Model Family	Latest Version	Description
n1.5	`n1.5-latest`	Latest generation with expanded action space, selectable tool sets, and JSON structured output. Details →
n1	`n1-latest`	Stable first generation. Details →

Want to try browser use without writing code?

Browser Extension — test and explore in your own local browser
Yutori Local — Mac desktop app that gives our agents access to a browser on your computer, enabling login-required workflows and local browsing tasks

Screenshot Requirements

Screenshots should capture only the browser content itself. Do not include the operating system UI, window title bars, browser tabs, URL bars, or other chrome elements. For the best performance, render screenshots in WXGA (1280×800, 16:10). The model should generalize well to most other resolutions, but grounding accuracy may degrade with extreme aspect ratios. We recommend using the WebP format for screenshots, as it offers significantly better compression than PNG — especially for multi-step trajectories with many images. The Python SDK provides helpers that handle resizing, WebP conversion, and base64 encoding:

pip install 'yutori[n1]'

from yutori.n1 import screenshot_to_data_url, playwright_screenshot_to_data_url

# From raw screenshot bytes (any format)
image_url = screenshot_to_data_url(screenshot_bytes)
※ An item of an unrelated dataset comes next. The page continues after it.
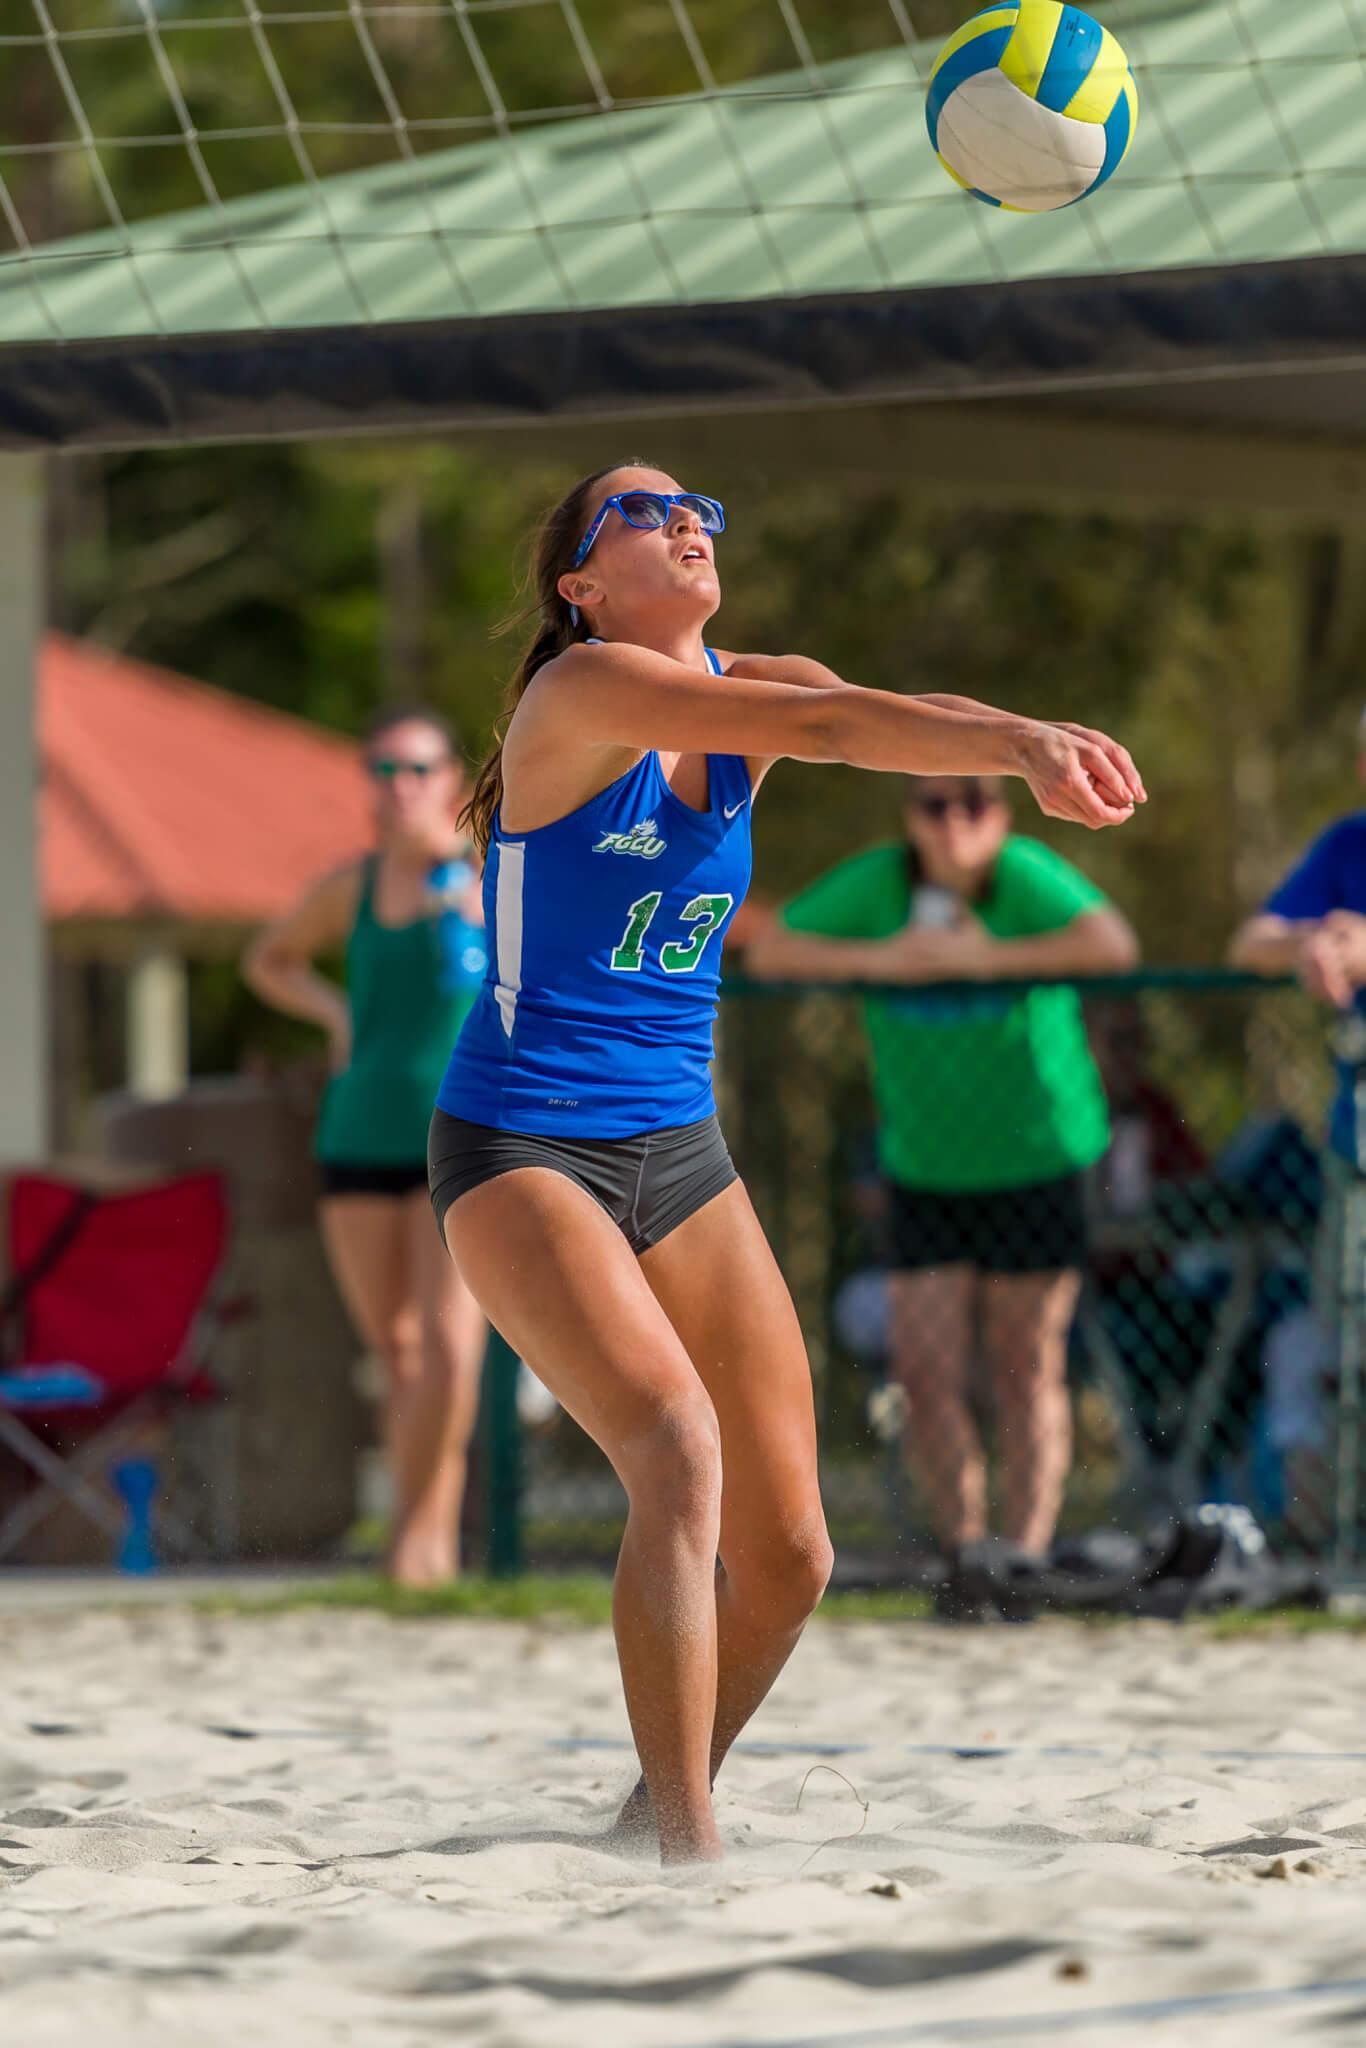 Elisa Anne Aldrich named to the A-Sun's All-Freshman Team

# Or directly from a Playwright page
image_url = playwright_screenshot_to_data_url(page)

# Async variant also available
# image_url = await aplaywright_screenshot_to_data_url(page)

See yutori.n1.images for full options (custom resolution, quality settings).

Coordinate System

All models output normalized coordinates in a 1000×1000 space. Convert to absolute pixel coordinates before executing actions in your browser:

from yutori.n1 import denormalize_coordinates

pixel_x, pixel_y = denormalize_coordinates(
    coordinates=[640, 400],
    width=viewport_width,
    height=viewport_height,
)

See yutori.n1.coordinates for the inverse normalize_coordinates function.

Response Format

Actions are returned via the tool_calls field in the response message:

{
  "choices": [
    {
      "message": {
        "role": "assistant",
        "content": "I'll click on the search bar.",
        "tool_calls": [
          {
            "id": "chatcmpl-tool-abc123",
            "type": "function",
            "function": {
              "name": "left_click",
              "arguments": "{\"coordinates\": [640, 400]}"
            }
          }
        ]
      },
      "finish_reason": "tool_calls"
    }
  ]
}

The content field contains the model’s reasoning, tool_calls contains the predicted action(s), and request_id is a unique identifier useful for debugging. When the model intends to stop, it returns a response with only content text and no tool_calls. This content field is the model’s final response to the task.

Multi-Turn Conversations

The model expects full chat history to best predict the next action. We do not recommend removing any messages or screenshots when constructing requests. Include the assistant’s previous response with its tool_calls, followed by tool results with the new screenshot:

response = client.chat.completions.create(
    model="n1.5-latest",
    messages=[
        # Initial user message with task and first screenshot
        {
            "role": "user",
            "content": [
                {"type": "text", "text": "Search for Yutori on Google."},
                {"type": "image_url", "image_url": {"url": f"data:image/webp;base64,{screenshot_1}"}}
            ]
        },
        # Assistant's response with tool call
        {
            "role": "assistant",
            "content": "I can see the Google homepage. I'll click on the search bar.",
            "tool_calls": [
                {
                    "id": "chatcmpl-tool-123",
                    "type": "function",
                    "function": {
                        "name": "left_click",
                        "arguments": "{\"coordinates\": [500, 465]}"
                    }
                }
            ]
        },
        # Tool result with current URL and new screenshot
        {
            "role": "tool",
            "tool_call_id": "chatcmpl-tool-123",
            "content": [
                {"type": "text", "text": "Clicked 1x with left\nCurrent URL: https://www.google.com/"},
                {"type": "image_url", "image_url": {"url": f"data:image/webp;base64,{screenshot_2}"}}
            ]
        }
    ]
)

The tool result can be a short description of what the tool did or whether it was successful. Including the current URL in the tool response is also recommended for better attribution of information sources. If the tool extracts additional information (e.g. extract_elements, execute_js), the raw output of the tool can be provided as the tool result so the model also has visibility of the extracted information.

Custom Tools

You can provide additional tools alongside the built-in browser actions using the tools parameter. Custom tools are appended after the default tool set.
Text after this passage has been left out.